Line of toys by Mattel

Shogun Warriors was a line of action figures released by Mattel in North America from 1977 to 1980. The line consisted of several imported figures based on Japanese anime mecha.

The line was drawn from toys originally produced by Japanese company Popy, based on several anime and tokusatsu shows featuring giant robots. They were originally manufactured in three sizes: 24 in plastic versions, 3.5 in die-cast metal versions, and slightly taller but much more detailed 5-inch (127 mm) die-cast versions. Many of the robot's original names were altered, such as Getter Dragon (Dragun) and Great Mazinger (Great Mazinga). Several vehicles were also offered, as well as a set that could be put together to form the super robot Combattler V (here renamed Combattra). Later on in the line, Mattel introduced toys of Godzilla and Rodan.

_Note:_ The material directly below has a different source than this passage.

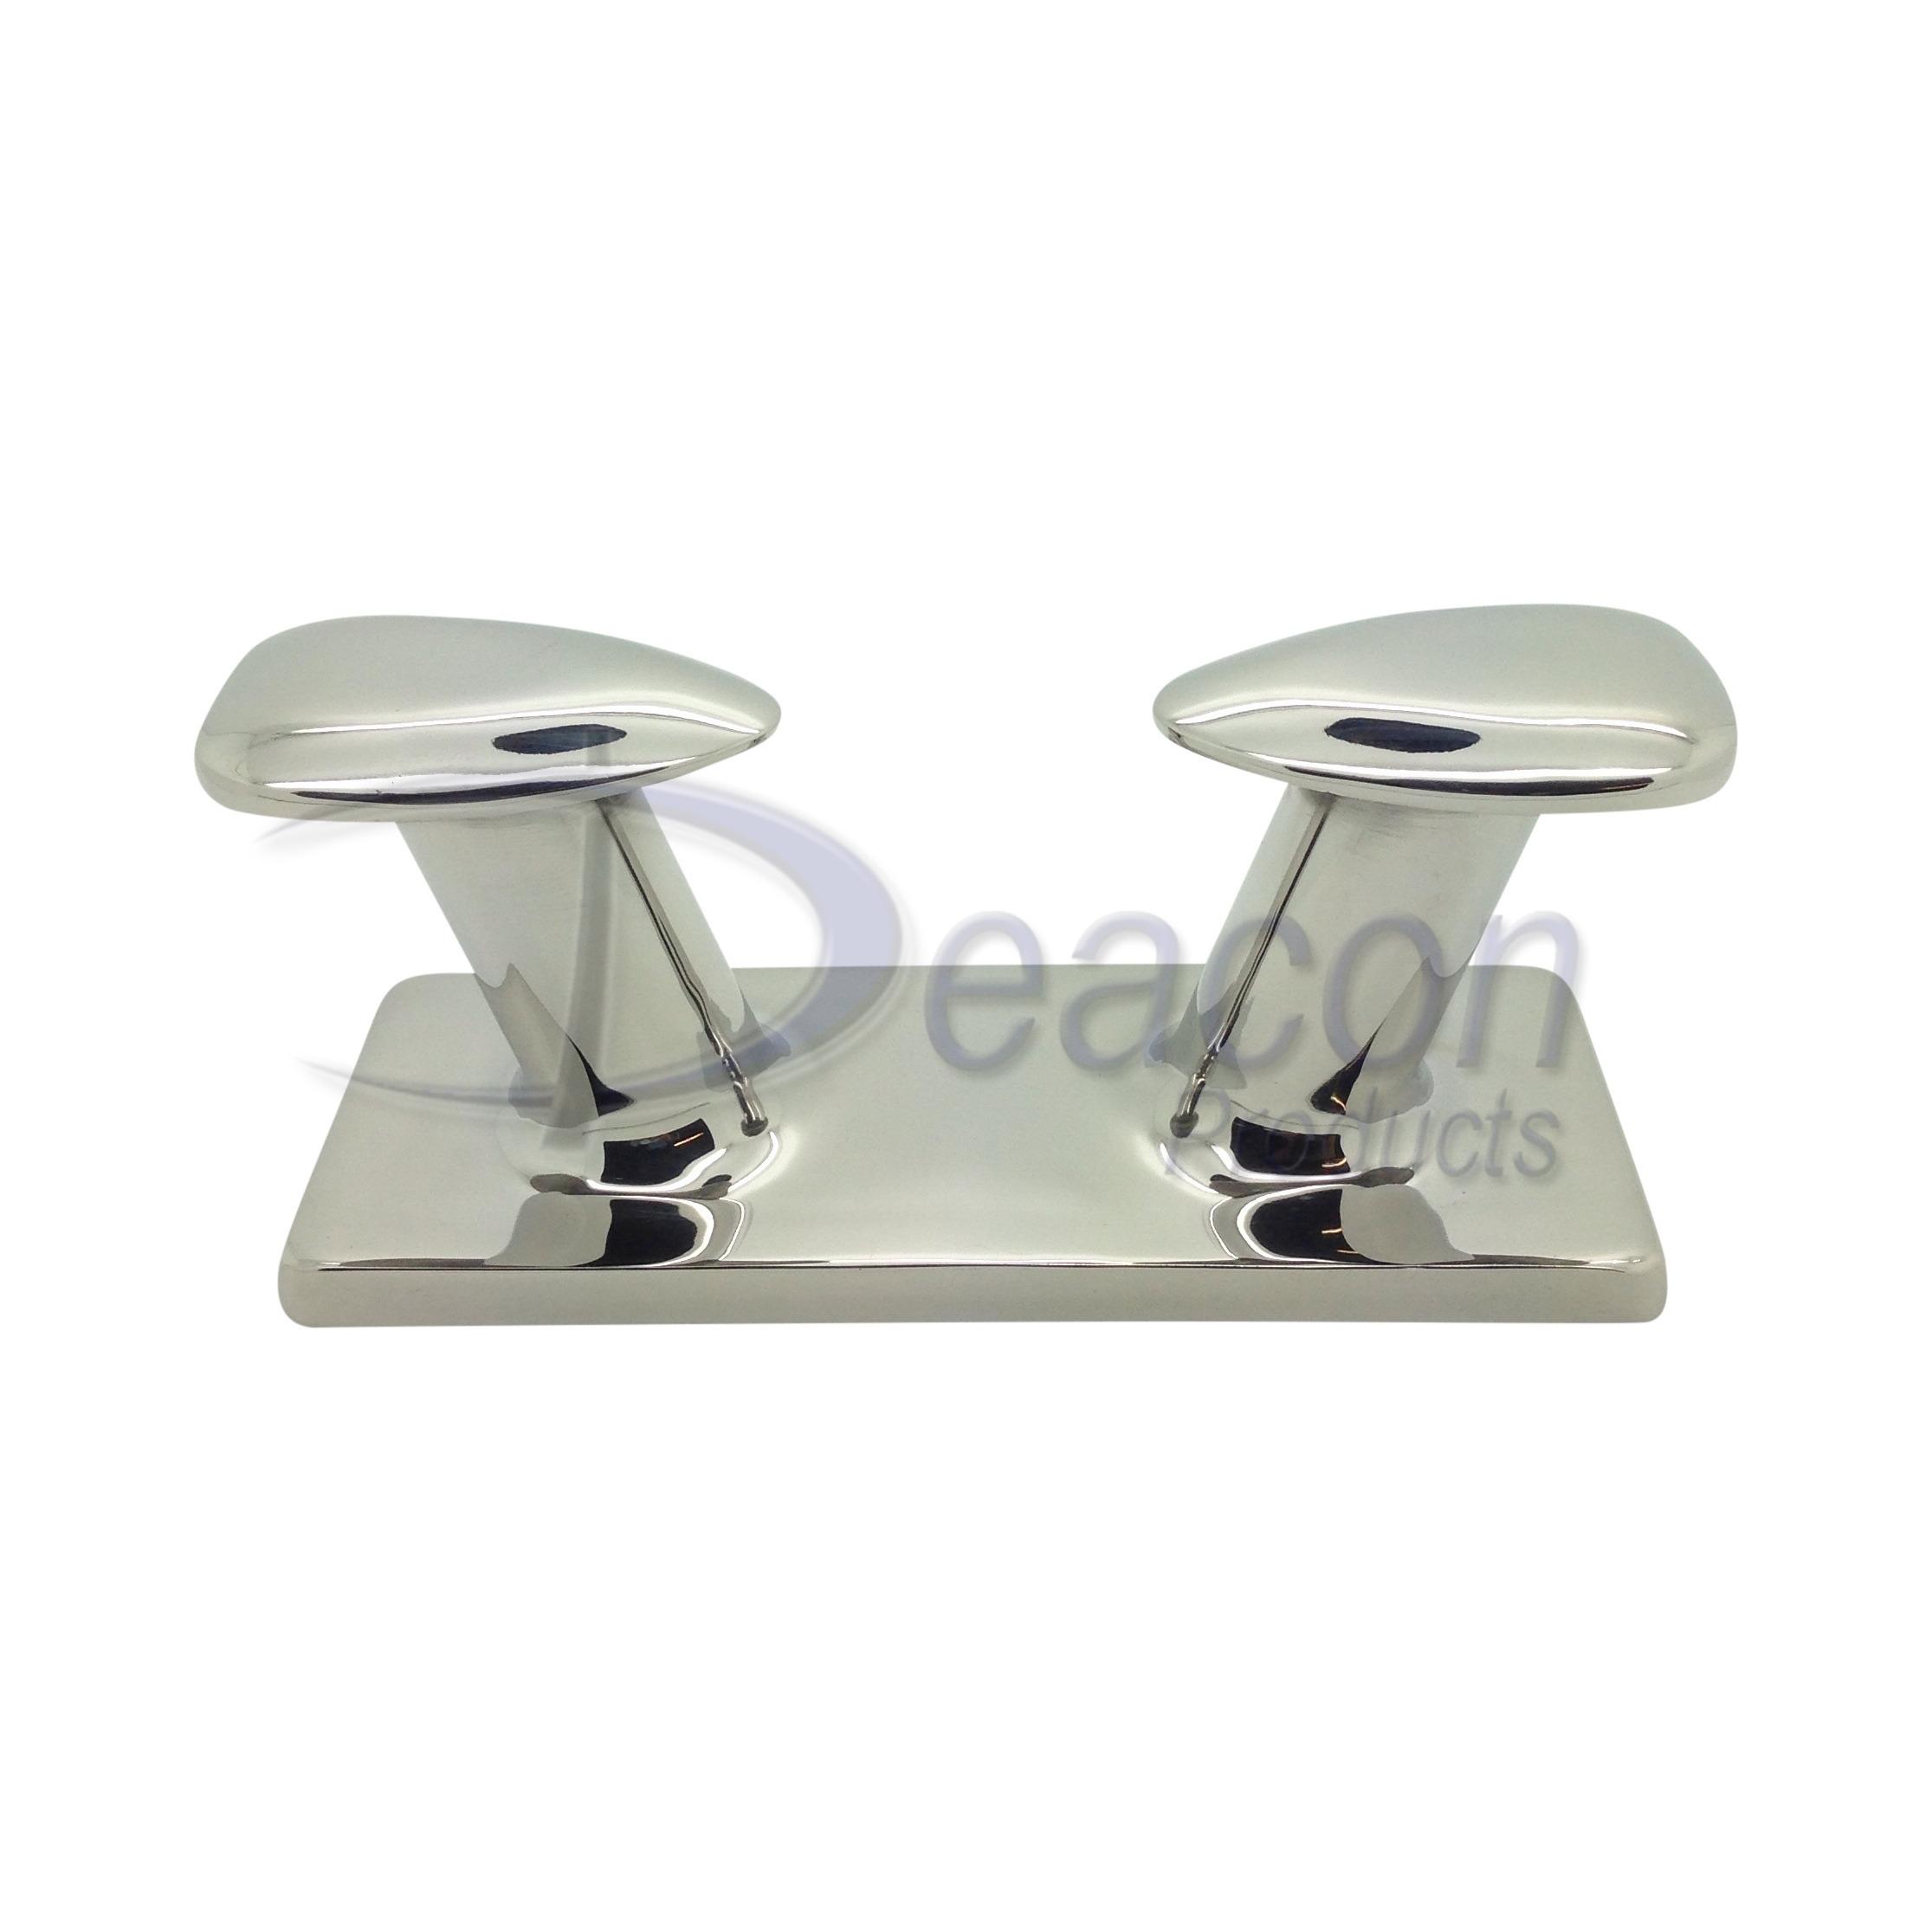 stainless-steel-horn-bollard-cleat

The toys featured spring-loaded launcher weapons such as missiles, shuriken and battle axes. Some were able to launch their fists, while the later die-cast versions also had the ability to transform into different shapes. Reideen (here renamed Raydeen), for example, could become a birdlike spaceship. These "convertible" versions were in a sense the precursors to the Transformers line of toy robots. Toward the end of production, Mattel proposed the inclusion of plastic toy vehicles for the 3.5" figures to ride in exclusively in the United States, but these toys were never released for purchase.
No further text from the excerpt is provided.